The problem is musculoskeletal. Pelvic-floor physical therapy, not medication, is the cornerstone for treatment. But it’s a different type of physical therapy. The goal is to release the trigger points causing pain that can result in spasms. Trigger points are tender areas in soft tissue that cause radiating pain. With pelvic spasm, trigger points are usually located in the pelvic-floor muscles, which are a group of sling-like muscles supporting the uterus, bladder and rectum. The pain radiates to the bladder and results in spasms that give rise to the sensation of urinary frequency and urgency.

[replacement therapy]
Our hormones rage during adolescence. As we age, they plummet and deprive us of sleep, libido and concentration. Hormone replacement therapy can adjust these imbalances, but often the replacements are synthetic. Dr. Kathy Maupin, Medical Director, BioBalance Health, thinks there’s a better way: bioidentical hormonal pellet therapy. But this obstetrician-gynecologist wants to improve more than diminished estrogen levels in women. She recommends replenishing testosterone, too. “It’s the secret female hormone,” Maupin says. “Testosterone protects us from age-related muscle and bone loss and weight gain, and keeps our minds sharp.” Bioidentical means the hormones are identical in molecular structure to hormones produced naturally by the body. Maupin uses plant-derived hormones and pellets that contain either pure powdered estradiol (an estrogen hormone) or testosterone. “The hormones are packaged into a pre-prescribed pellet size so you get a consistent dose,” she explains. “It’s inserted under the skin, in the fat of the hip where it slowly dissolves, providing a very steady hormone level—much like your ovaries did before they went into a decline with menopause.” Patients are retested for dosage levels before new pellets are inserted.

[iud comeback]
Dr. Kent Snowden, Saint Louis Associates in OB/GYN:
Intrauterine devices fell into disfavor in the 1970’s when the Dalkon Shield—a common IUD at that time— was linked to an increased risk of pelvic inflammatory disease and a high incidence of uterine perforation. Usage fell to almost zero. They’re now making a comeback with about 10 percent of fertile women in the United States using an IUD for contraception. However, this is low when compared to other countries or continents, such as Asia, where about 25 to 30 percent of fertile women use IUDs. The braided strings attached to the IUDs were the culprit years ago. They acted like a wick that allowed bacteria to ascend into the uterus and fallopian tubes. There was also no test to detect asymptomatic chlamydia infections then. Consequently, there was an increased risk of severe pelvic infections, which led to an increase in infertility with blocked tubes and pelvic abscess. All three IUDs available in the U.S. today have monofilament (single strand) strings, which are not associated with an increase in infection. IUDs offer long-lasting contraception—three to 10 years—and are safe and cost-effective. They’re a great option for any age group, and especially for women who might have issues with compliance.

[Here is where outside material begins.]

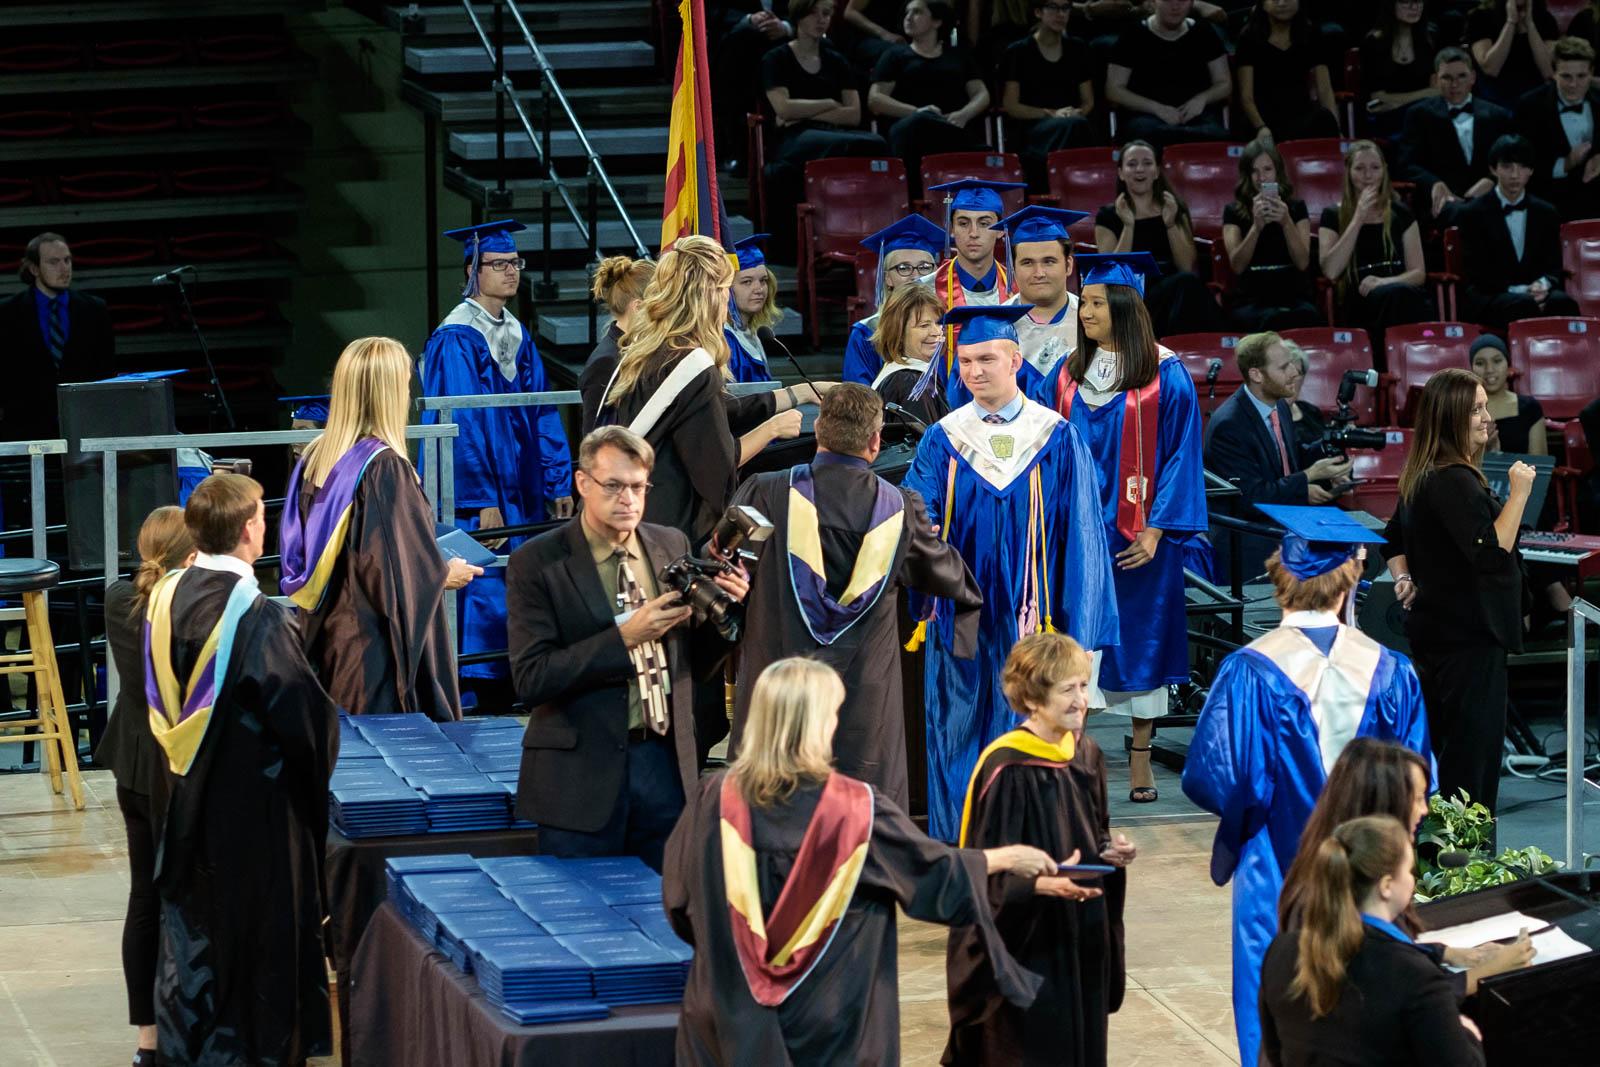 Matthew receives his diploma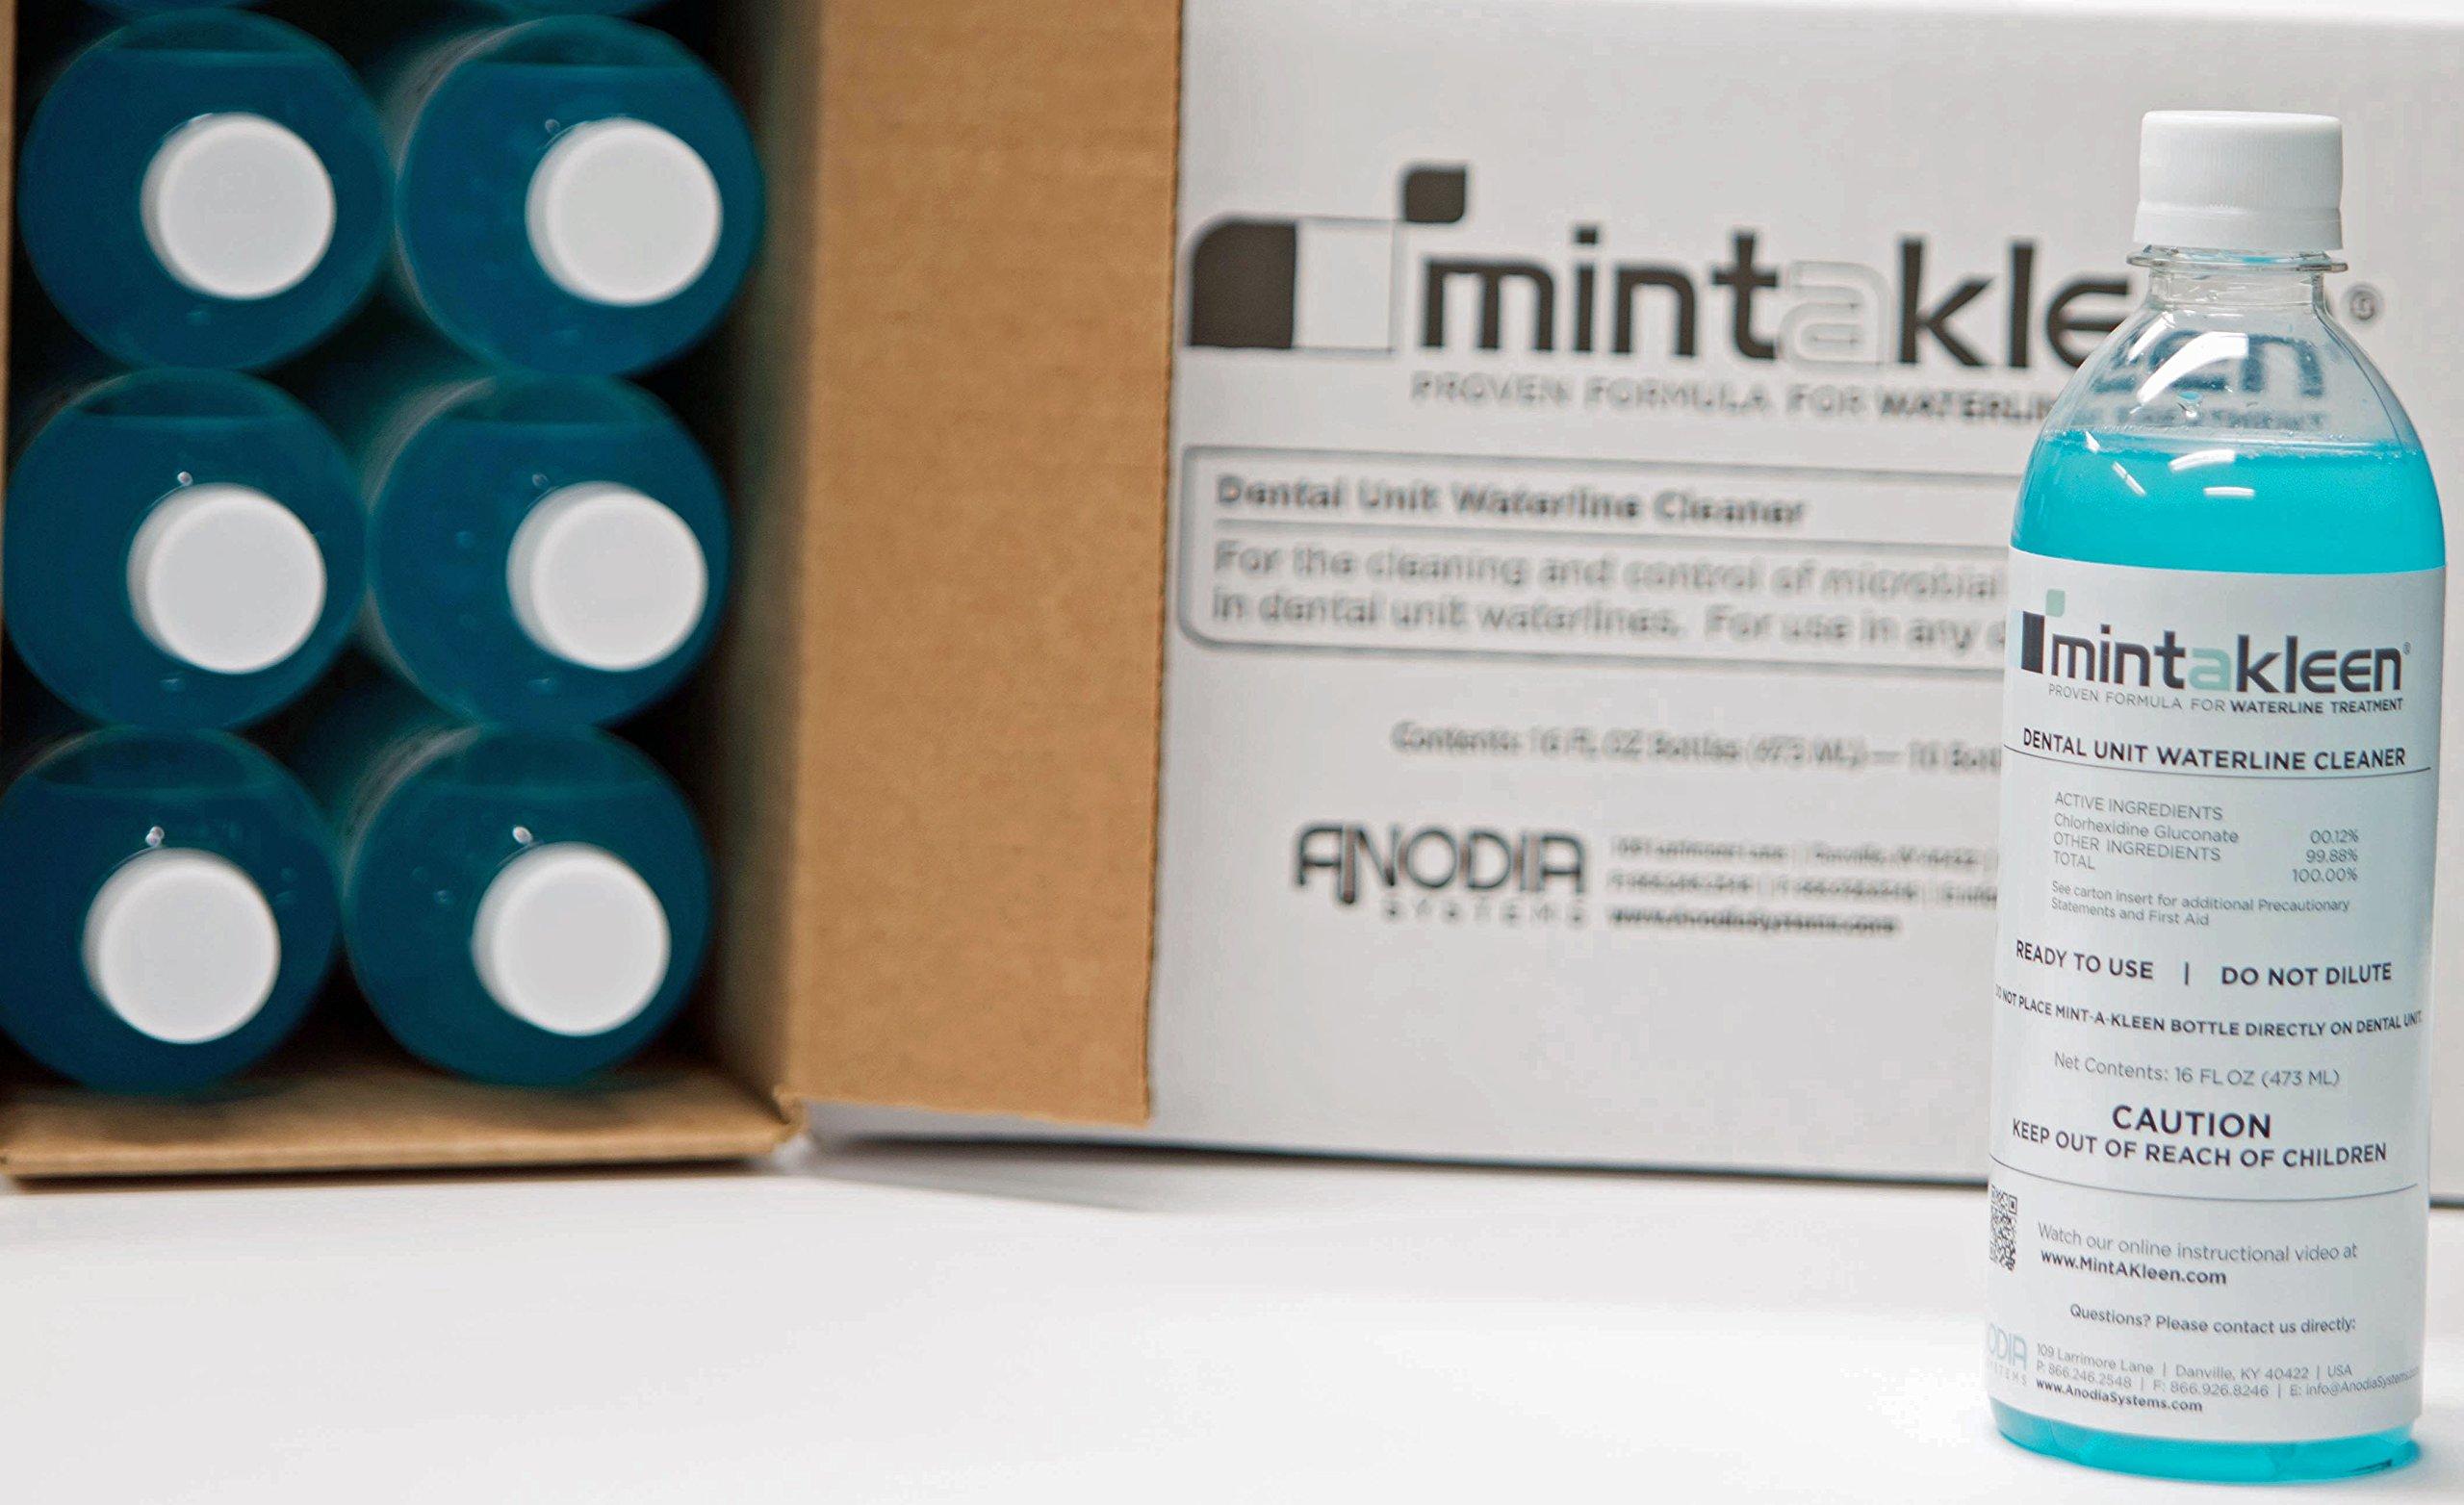 Mint-A-Kleen 6 Pack Dental Unit Waterline Cleaner MINTAKLEEN SIX 16 oz Bottles (24 Treatments)

Dr. Teresa Knight, Women’s Health Specialists:
IUDs are making a comeback for a variety of reasons: they’re cost-effective, they have an excellent safety profile, and they have a low risk of side effects. There was a very large study performed in St. Louis by Washington University called the Contraceptive Choice Project, where they offered free birth control to all the women who entered the study. Participants were able to choose their method of birth control, and IUDs had the highest satisfaction rating among participants. The average failure rate for birth control pills is 5 percent. The failure rate for IUDs is equal to that of permanent sterilization, but an IUD is completely reversible. For women who are finished bearing children or think they want to wait four or five years, IUDs are a worry-free means of contraception. It’s also a good form of contraception for nursing moms and for women who cannot take birth control pills because they have a blood clot disorder or some other contraindication.